Video, More Reports of Violence Emerge
Check out our earlier coverage for more on violence being reported today.
Witnesses are giving more details about security forces forcibly breaking up a demonstration at the parliament building, according to The Post's Thomas Erdbrink and William Branigin, who write that regular police, riot police and members of a special force known as the "Robocops" for their full body armor and special equipment converged on Baharestan Square to prevent a demonstration from taking shape.
In one confrontation between protesters and Basij members, a middle-aged woman wearing a light-blue headscarf and a black coat angrily refused orders to leave. "I'm going to stay here and see how many people you kill today," she told the Basij. A plainclothes agent emerged from the crowd, swore at the woman and took out a pair of handcuffs to arrest her. Other people tried to stop the agent, but Basij members rushed them and beat them with clubs, the witness said.
In addition to protesters, bystanders were caught up in the violence:
At a corner of Republic Street, a main center for printing shops, a young engaged couple fled into an alley to escape a charge by club-wielding security forces. "Why are they attacking me?" the frightened woman cried. "I only came here to print my wedding cards!"

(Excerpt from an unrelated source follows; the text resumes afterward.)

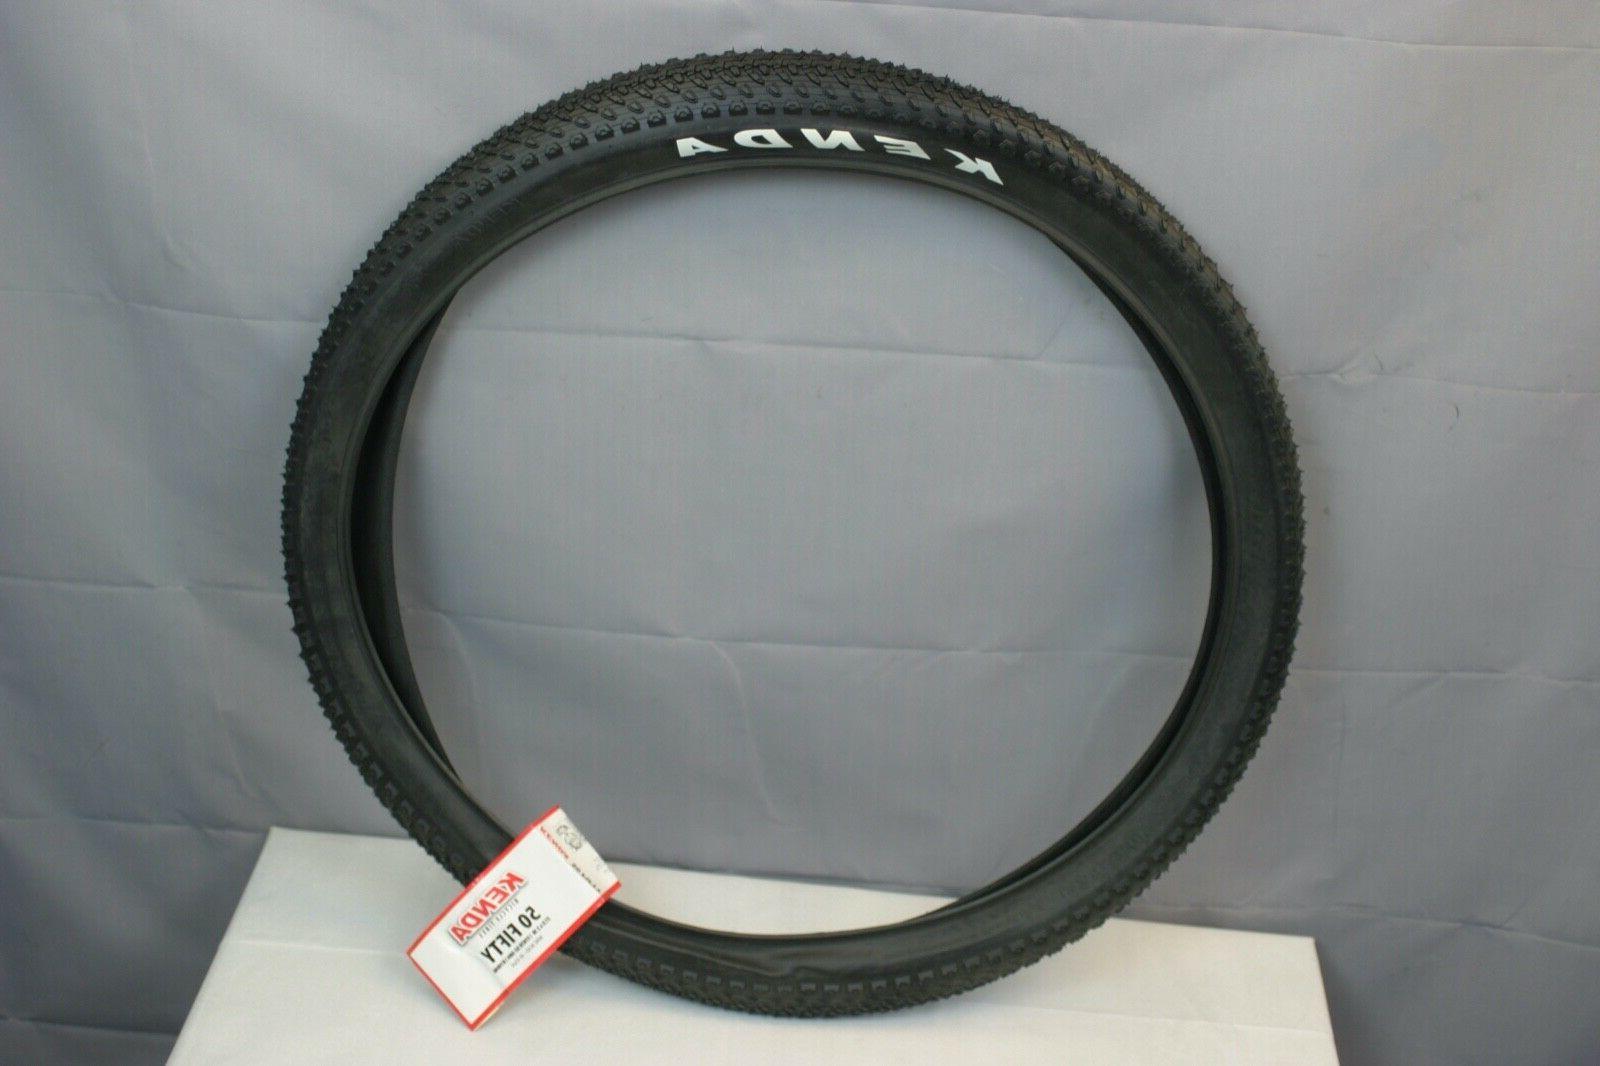 size 29 x 2.10 ETRTO 54-622 KENDA K 1104A 50-Fifty Bike Tyre

A new video purporting to be footage from a rally today in Tehran is making the rounds on YouTube. The footage shows a chaotic and violent scene: black smoke billows from a fire burning in the street as a large crowd gathers. In a subsequent clip, an injured, possibly deceased, man is carried by his hands and feet through the streets. Words in Farsi scrolling across the screen (roughly translated by The Post's Tara Bahrampour) refer to "martyrs" killed by the pro-government Basij militia. As with other amateur videos emerging on YouTube from Iran, the footage is unedited and graphic, and The Post cannot vouch for its authenticity.